● Task prompt: Beginning with the line where "919 Cheltenham Ave, Lot" appears, restate each line word for word until the data ends. Pictures do not go in.

● Source material:
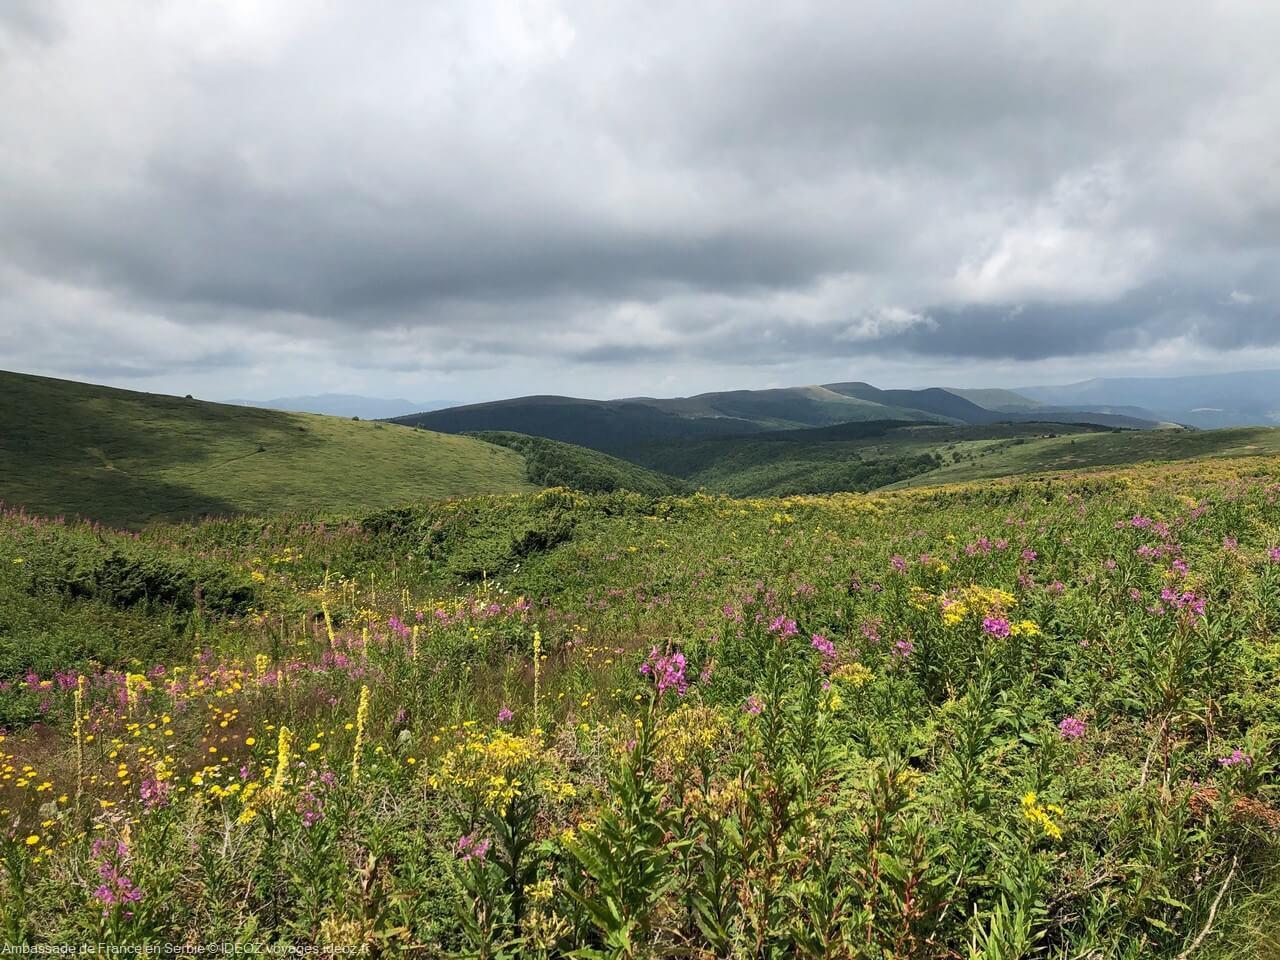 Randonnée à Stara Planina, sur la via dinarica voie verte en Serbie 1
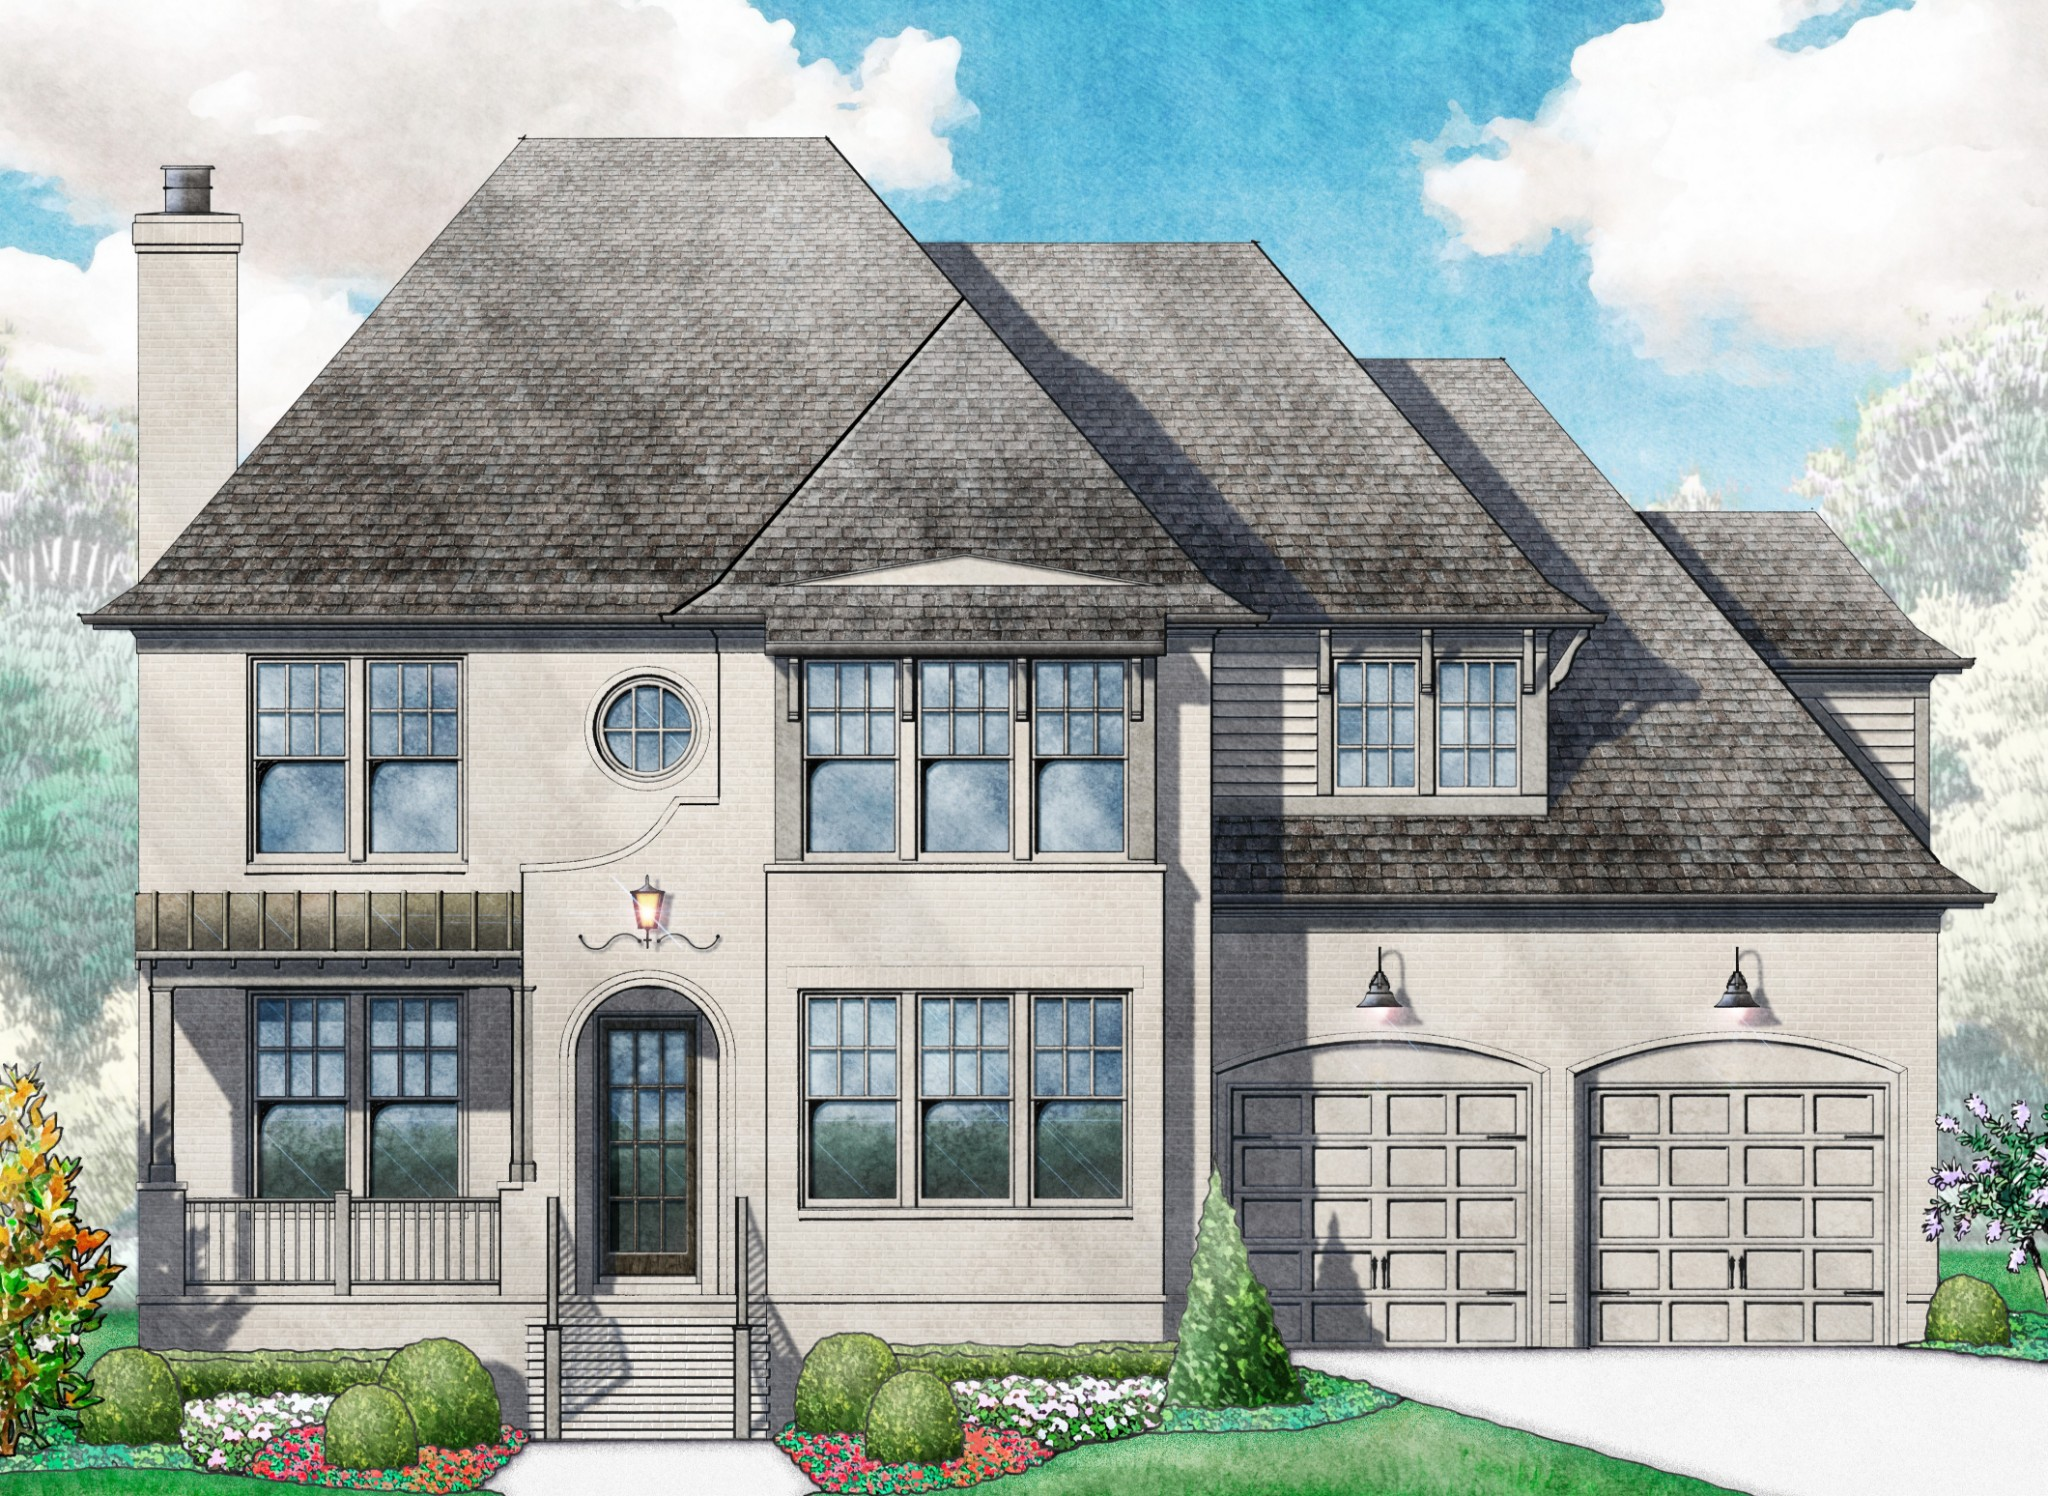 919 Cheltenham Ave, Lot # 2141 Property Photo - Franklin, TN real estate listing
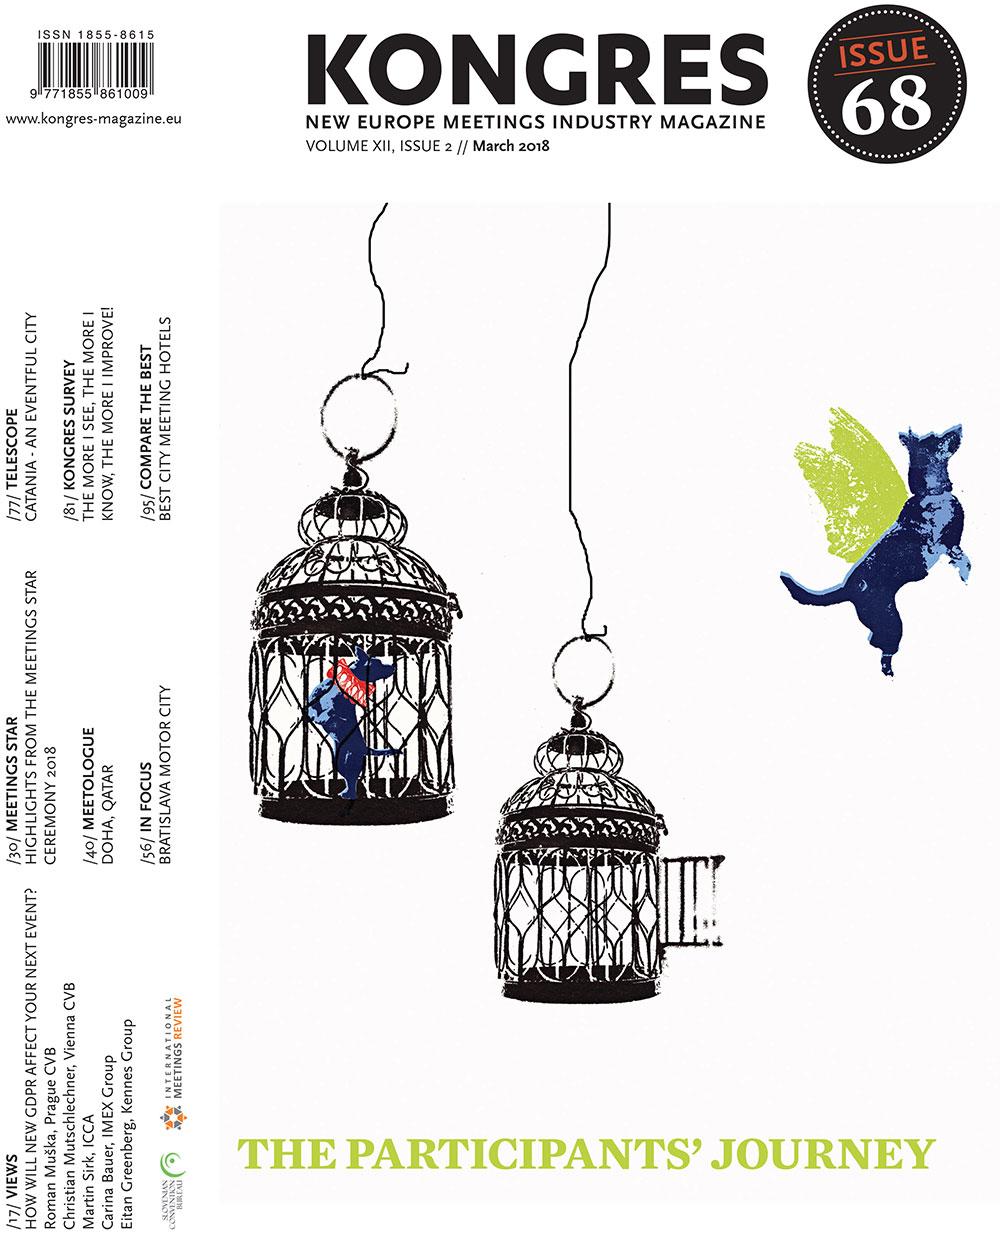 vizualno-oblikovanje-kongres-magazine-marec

● Answer below:
 919 Cheltenham Ave, Lot # 2141 Property Photo - Franklin, TN real estate listing
 vizualno-oblikovanje-kongres-magazine-marec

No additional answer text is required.